I'm actually looking at this myself ...sure am learning a lot, being a noob and all. I've got to the place where I'm thinking that I'll need 4 FFTs minimum, followed by 4 iffts, and a lot of copying this from that etc. So, big questions as to how teensy would cope ...But I'm learning lots of cool stuff anyway. The audio library objects are just great, and I'm making progress. I've found all the arm complex math functions, how the cfft function works (q15 etc etc the workspace struct / inplace processing) and I've worked out the analyse256 audio library. And I've started writing my own convolution object!

here is my plan ....

initially, read in a 512 sample impulse from SD, split it up into 4, window them, then pad them ... perform ffts on the 4 sets ....these are 'static global arrays' ..... then in a looop / update convolver, feed in live line audio from the audio library adc, 128 samples at a time. window and pad, and transform the 128 live audio and then complex mutliply each of the impulse static global arrays / transforms with each live audio line transform. Reassemble by adding (and decimate?!) and output a 128 sample convolved block. I'm still checking I have the theory right ... the programming doesn't look all that hard given I can stand on the shoulders of giants in the audio library area ....
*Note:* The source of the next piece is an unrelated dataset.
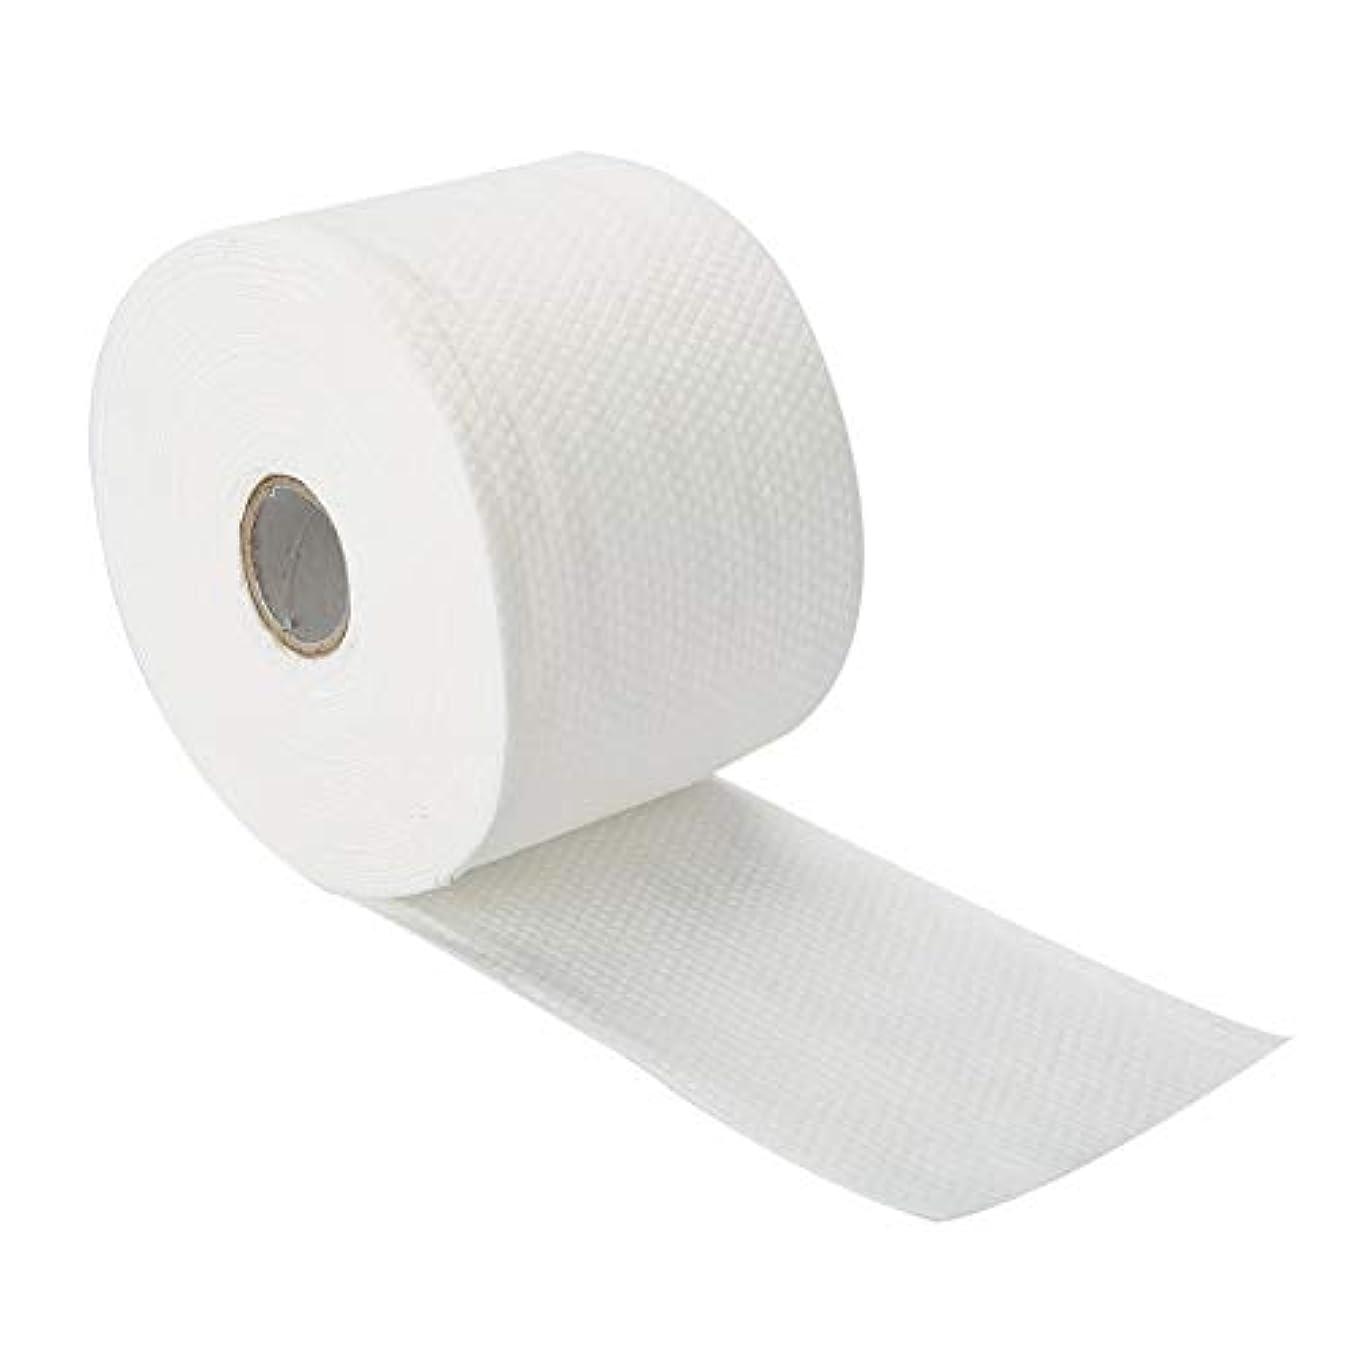 クック動かないわかる構造の使い捨て可能 表面 タオル 柔らかい Nonwoven クリーニングの化粧品の綿パッド25m

Other than not knowing what I am doing, the big problem is the teensy's speed .... I had thought that a 128 sample live block could be convolved with a 128 sample impulse, but the impulses I have are a little longer, unfortunately. In fact it would be better to use 2048 length impulses ... Anyway, as a result, the splitting overlapping etc and the number of ffts etc is more complicated (possibly more complicated than my understanding) .... I wonder if buffering a bit of live audio data is a good idea??? BUt then, you start moving into latency issues.... Hmm. I might start working on two blocks at a time, like in the 256 analyse library

Anyway, its all fun until someone loses an eye
 
I guess you assume that
Code:
x=ifft(fft(x))
that is, scaling 1/N is only done once (usually only on ifft)

The arm integer FFTs, however, have to do scaling 1/N on both the forward AND inverse fft (to avoid overflow)

Consequence
for a 256 point fft or ifft, an input in Q15 (format 1.15 or 15 bit mantissa) becomes Q7 (format 9.7 or 7 bit mantissa)
so you get after the ifft(fft(x) operation a very small number.
Code:
x_out = x_in/256
while you could rescale before ifft, it is really the dynamic range that suffers

a Q31 point fft may be better but is obviously much slower, also because the cortex m4 has optimized instructions for 16 bit.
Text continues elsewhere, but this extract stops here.